Stop Falling In Love If He Stops Trying

They say that true love takes effort and that it demands sacrifices. You should fight for the one you love and be ready to overcome all obstacles life might throw at your feet. 

After all, you’ve read all the fairytales. You know how both the Prince and the Princess fight the evil witches and don’t let anyone stand in the way of their romance. 

And I couldn’t agree more: no relationship can become healthy overnight. Instead, it takes a lot of hard work, commitment, devotion, trust, and compromise to make things work. 

Of course, most importantly—it takes a lot of love to build it right. 

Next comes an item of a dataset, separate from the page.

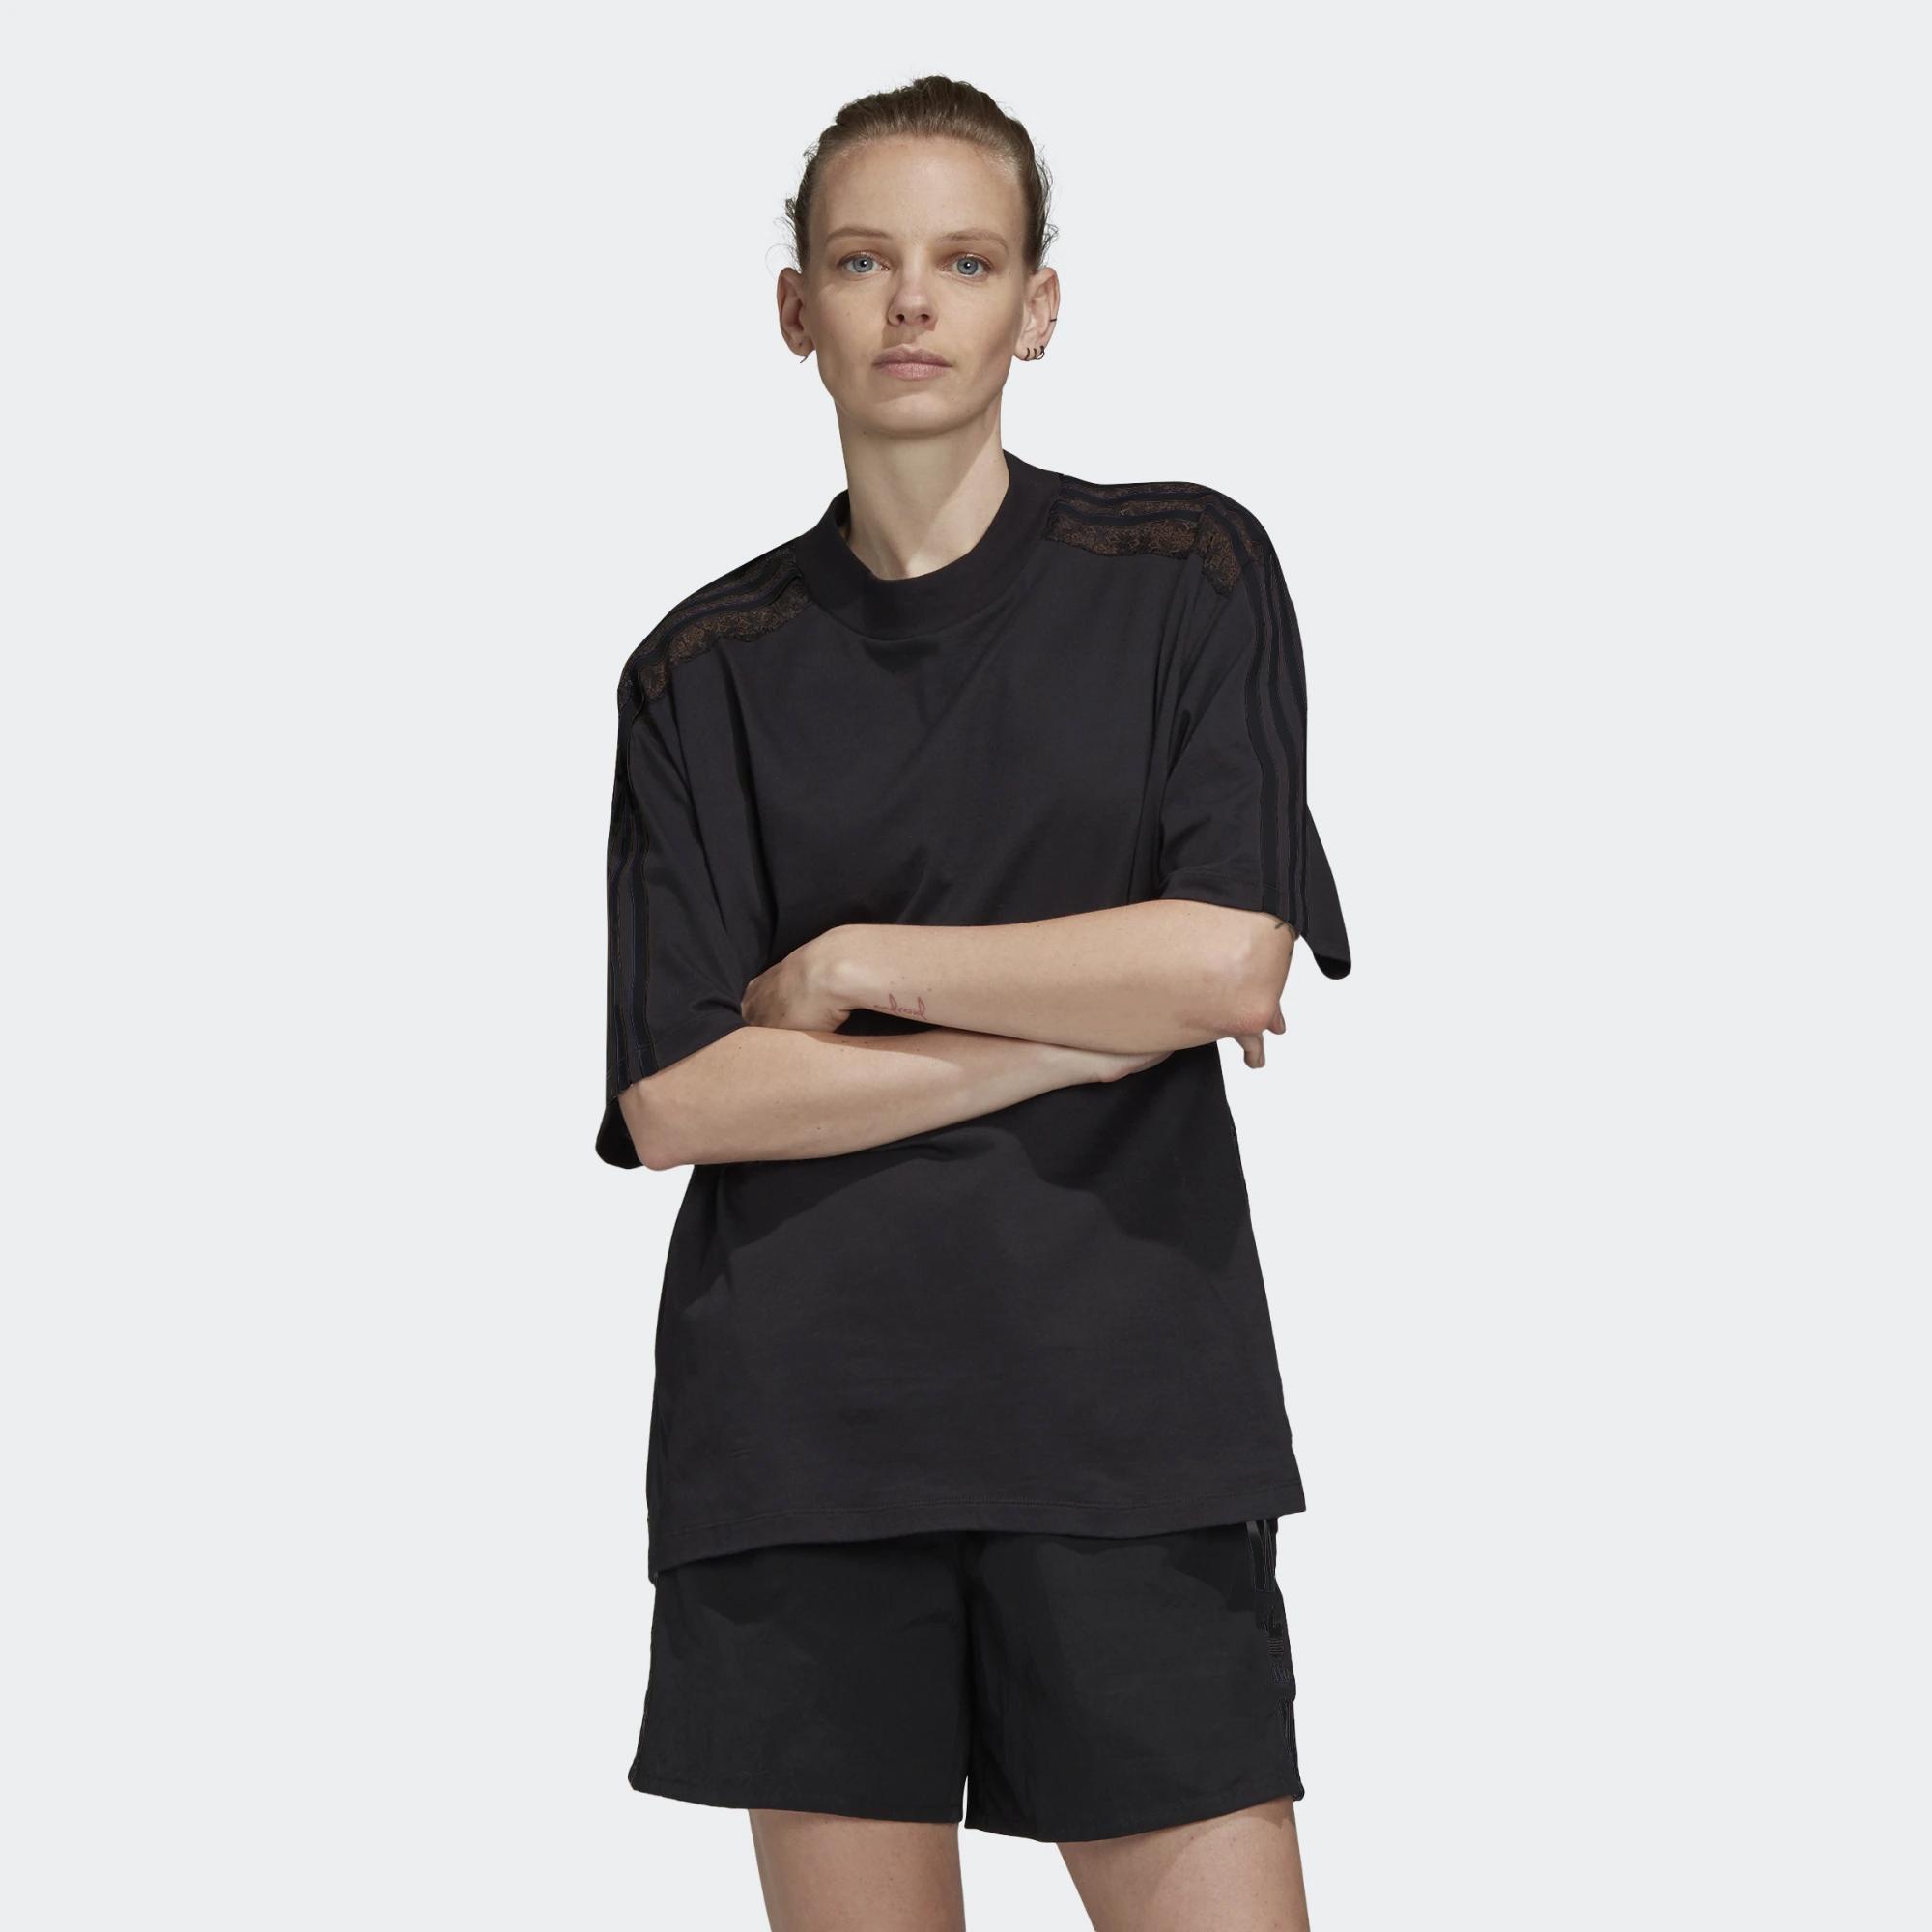 adidas Original Lace Back Women's T-shirt (9000045428_1469)

However, the truth is that sometimes, love isn’t enough, especially if it’s one-sided.

There is no point if you’re the only one trying, the only one pushing your relationship forward, and the only one worrying about its future.

Remember: every relationship is a two-way street, and all of your efforts are in vain if the other person isn’t ready to move his finger for the sake of your romance.

In this case scenario, you will burn out in a matter of time, while your partner will start taking you for granted and assume that you’ll always be there to prevent your relationship from going downhill. 

So please, understand that fighting for love and chasing it are two different things. Giving your best and being the only one trying are not the same. 

No, you’re not asking for too much just because you want to have a mentally and emotionally present boyfriend who doesn’t consider his job to be done the moment he sees that you’ve fallen for him.

You’re not overdemanding for wanting a man who will spend the rest of his life in attempts to win you over with each day that comes. 

You don’t have too high of a standard for expecting a gentleman who will forever court you—a real man who will never forget your worth and who will consider himself lucky for having a woman like you by his side. 

No, it is not selfish to walk away from someone who stops putting effort around you; leaving a man who obviously couldn’t care less whether you’re around or not is an act of self-care, not a sign of ego-centrism. 

All of this is a lot easier said than done, I know. However, it seems that you keep forgetting that you’re the ruler of your own emotions, not the other way around. 

Yes, you have what it takes to order your heart to stop loving someone who doesn’t deserve it.

You have the capacity to stop giving your entire self, without receiving anything in return.  

Yes, you can—and have to—stop falling in love the moment you see that he isn’t trying to put a smile back on your face anymore or that he doesn’t care whether he is breaking your heart and how his actions are affecting you; the moment you see that this man wouldn’t do anything if you abandon him and that he would never chase you to come back. 

You need to stop falling in love when he stops seducing you and putting effort into reminding you how butterflies feel each day; when he stops paying attention to the little things—when he starts forgetting your birthday or anniversary date, stops noticing that you have a new haircut, and stops caring when he sees that you’re sad. 

It’s time to call it quits the moment you start feeling like his second choice.

The moment he puts everyone and everything in front of you, just because he’s certain that you’re not going anywhere. 

It needs to happen when you see that he doesn’t appreciate you anymore; that he is taking you for granted and stops matching your sacrifices. 

Stop falling in love when he stops being fully invested. 

Stop giving your entire self the moment you realize that this has become a one-sided relationship; when you start feeling more alone than you would if you were single and that this man is only officially your romantic partner. 

Stop falling in love when this relationship starts bringing you more sorrow than happiness; when you see that it burdens your thoughts and that it keeps on breaking your heart. 

Back out when you see that it has a negative impact on your emotional and mental health; once you see that you’re losing yourself, in attempts to save the remains of this already failed relationship. 

Stop falling in love with him the moment you see that he is about to fall out of love with you.

Yes, admitting to yourself that the man you thought was your soulmate is becoming indifferent to you is incredibly difficult, but trust me, it is way better to do it before it becomes too late. 

Don’t be desperate, and don’t wait for all of his emotions to fade away. Don’t settle for crumbs, and don’t expect things to go back the way they used to be.

Instead, run for your life, without ever looking back.

Forget about blaming yourself and forget about second chances because the moment this man stopped trying was the moment he broke your relationship beyond repair.